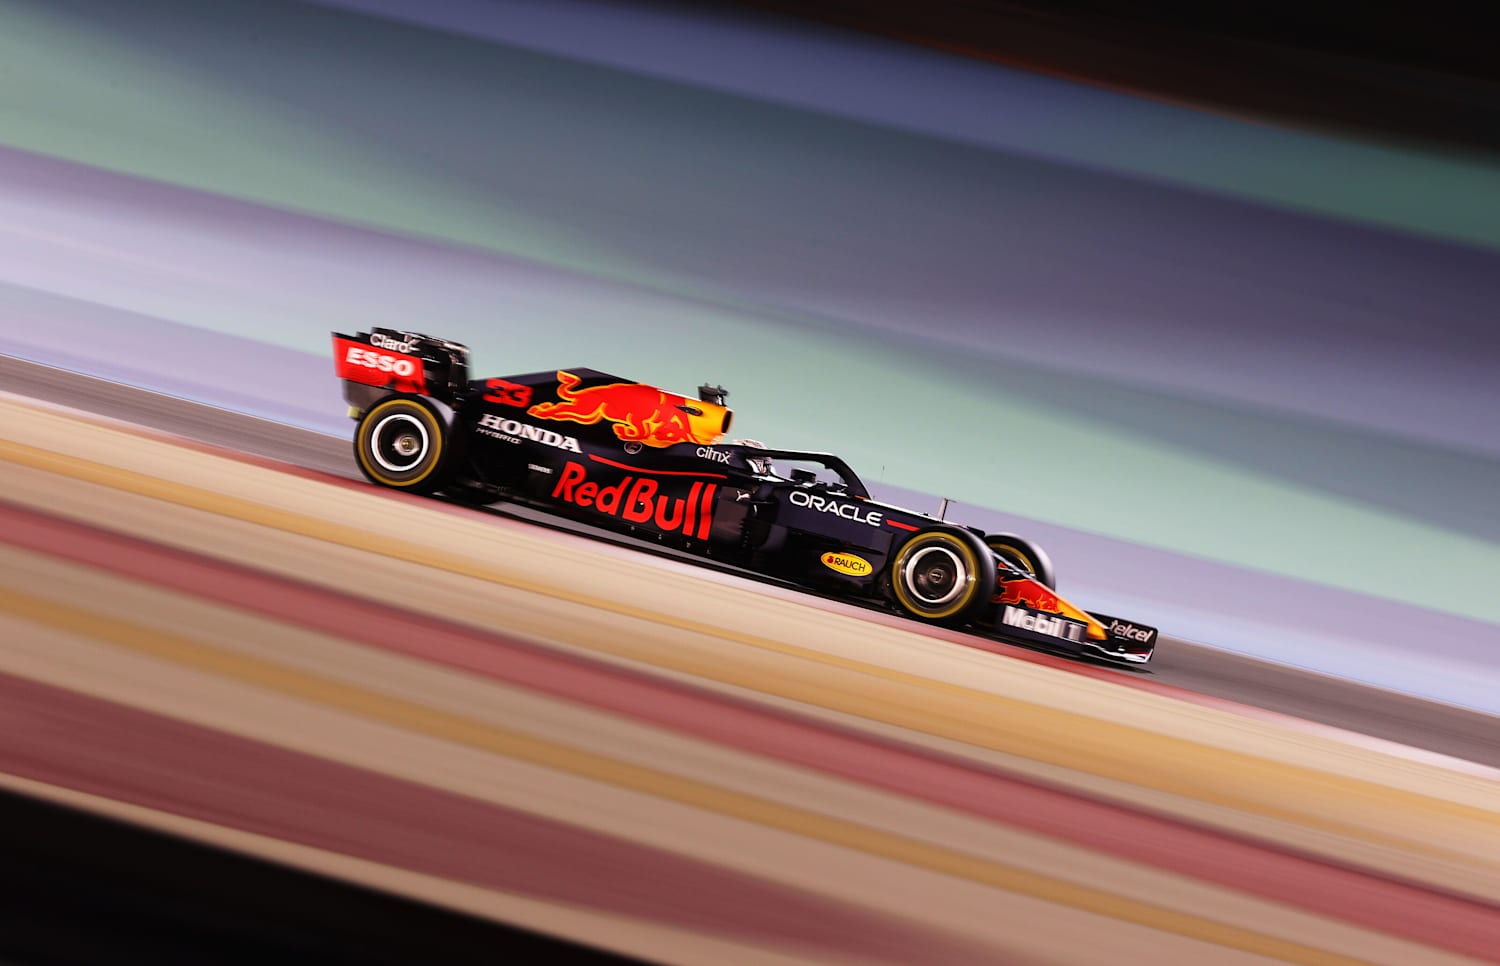 Bahrain Grand Prix 21 Race Report And Reaction
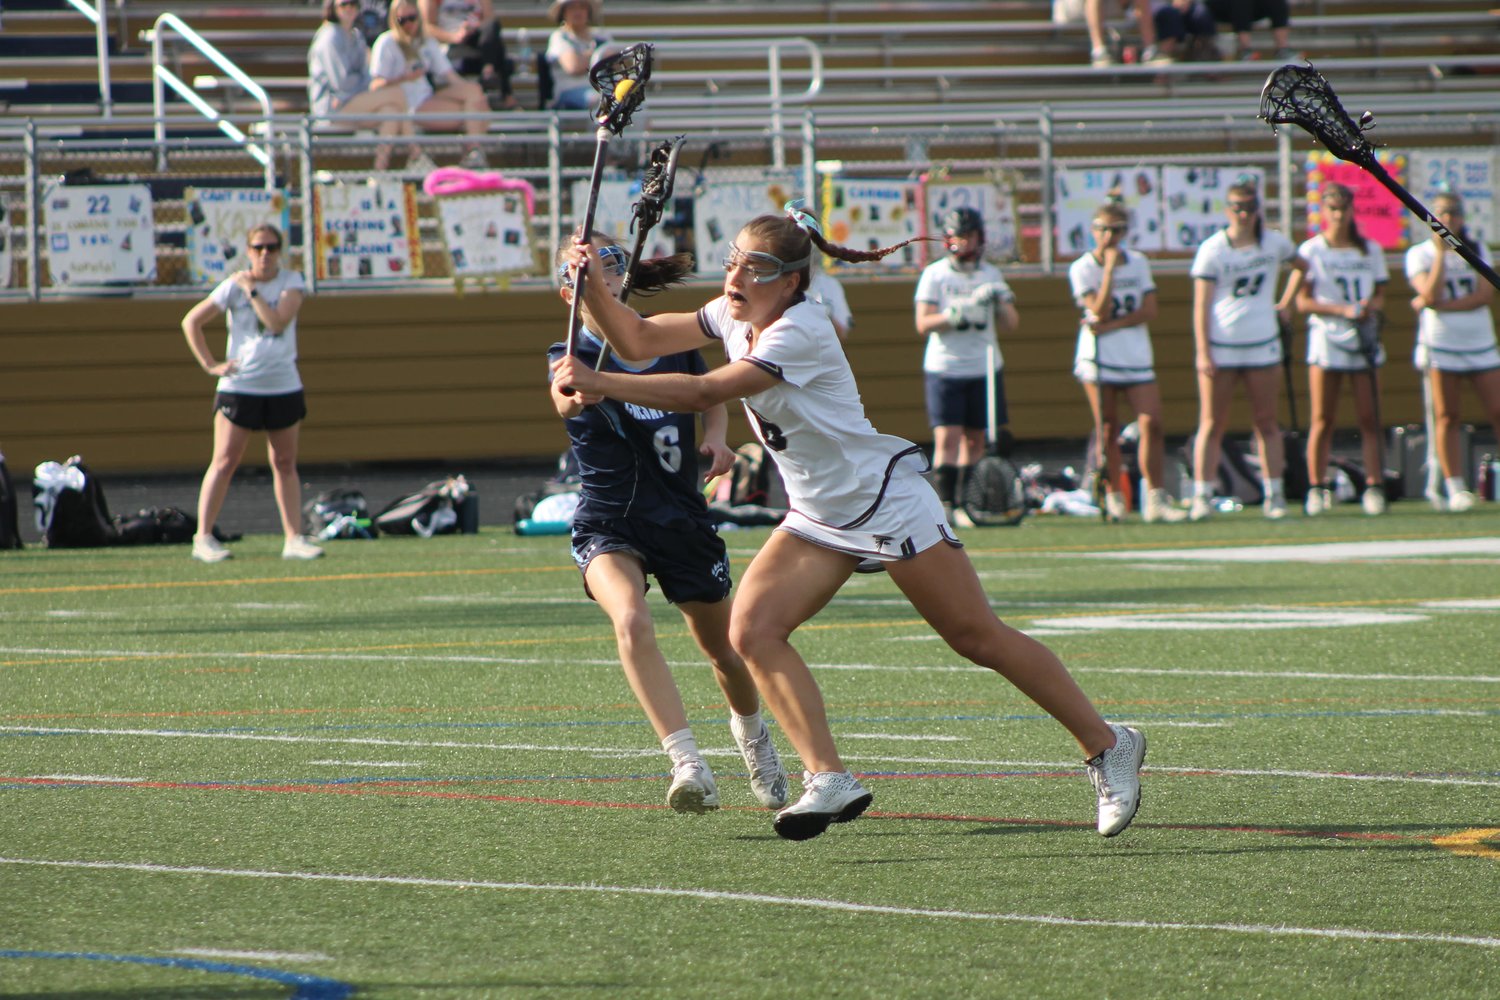 Maddy Goger scored on this shot on goal off a free play.
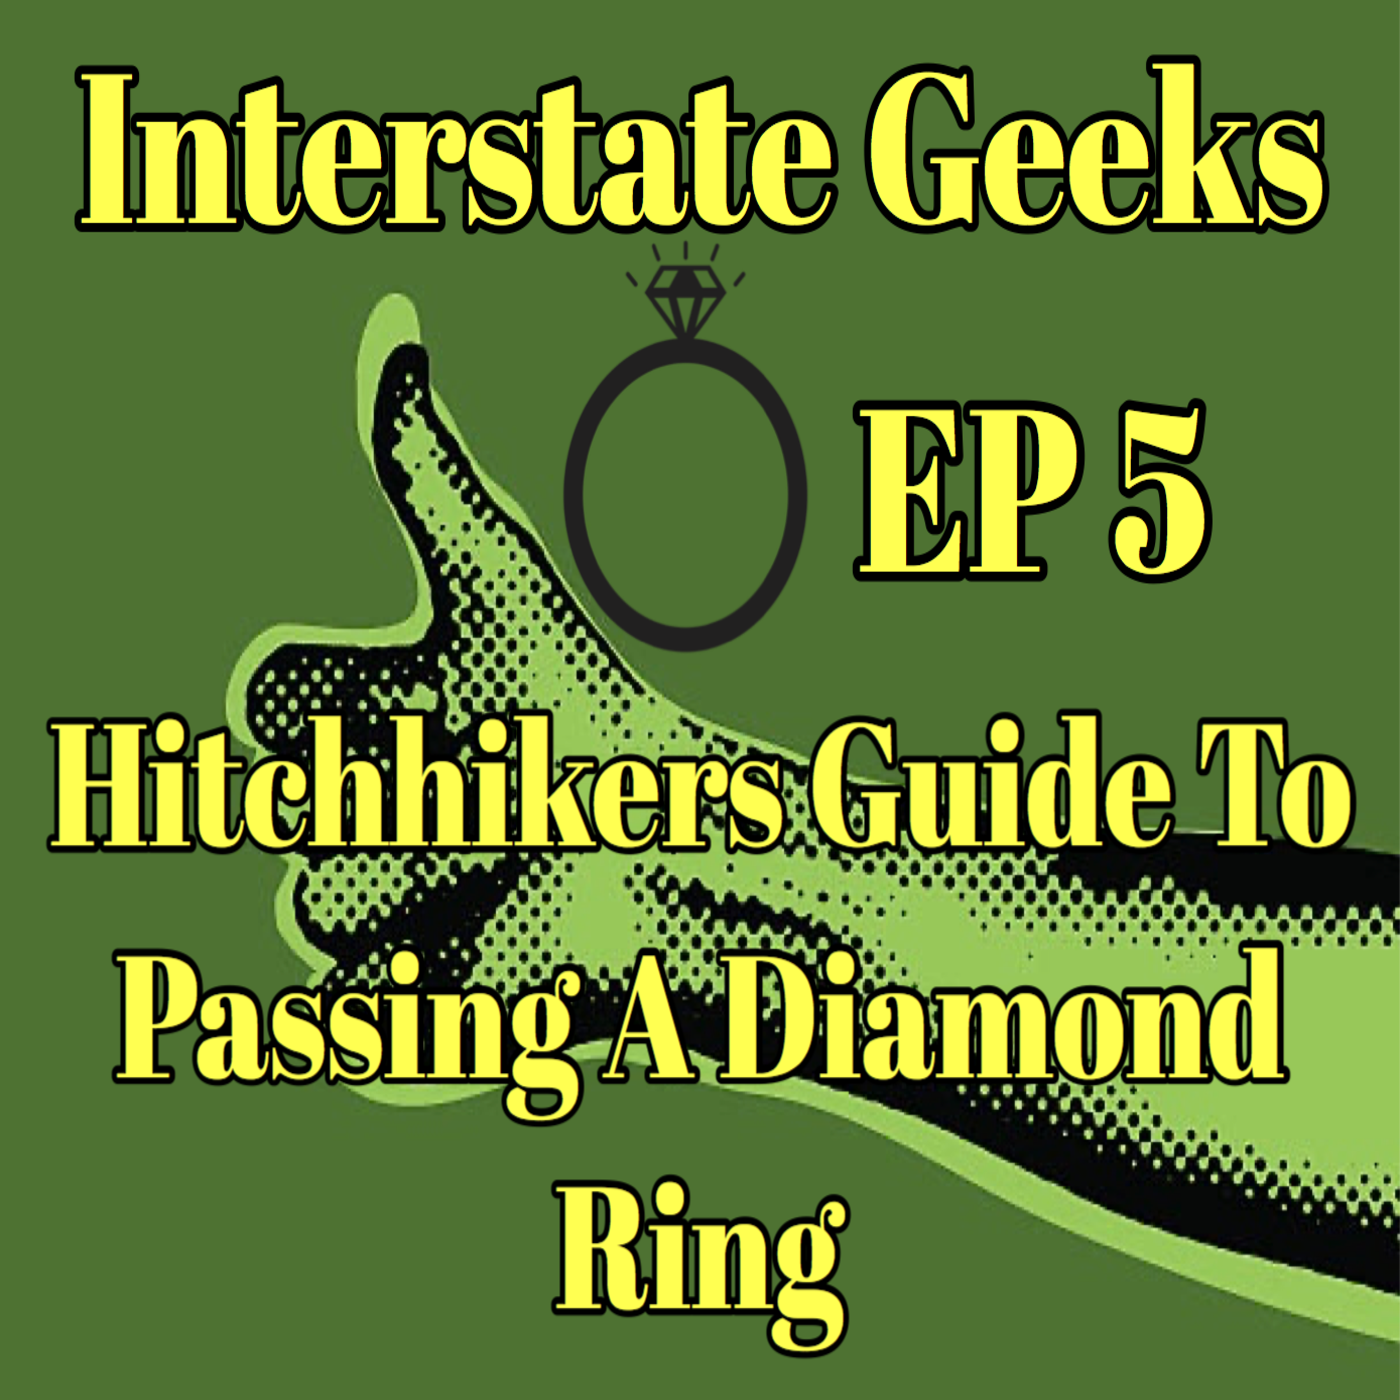 Hitchhikers Guide To Passing A Diamond Ring

* Assignment *
Extract, word for word, every line from the one containing "Maddy Goger scored" to the end of the data above, both ends included, and leave out the pictures.

* Output for this exercise *
 Maddy Goger scored on this shot on goal off a free play.
 Hitchhikers Guide To Passing A Diamond Ring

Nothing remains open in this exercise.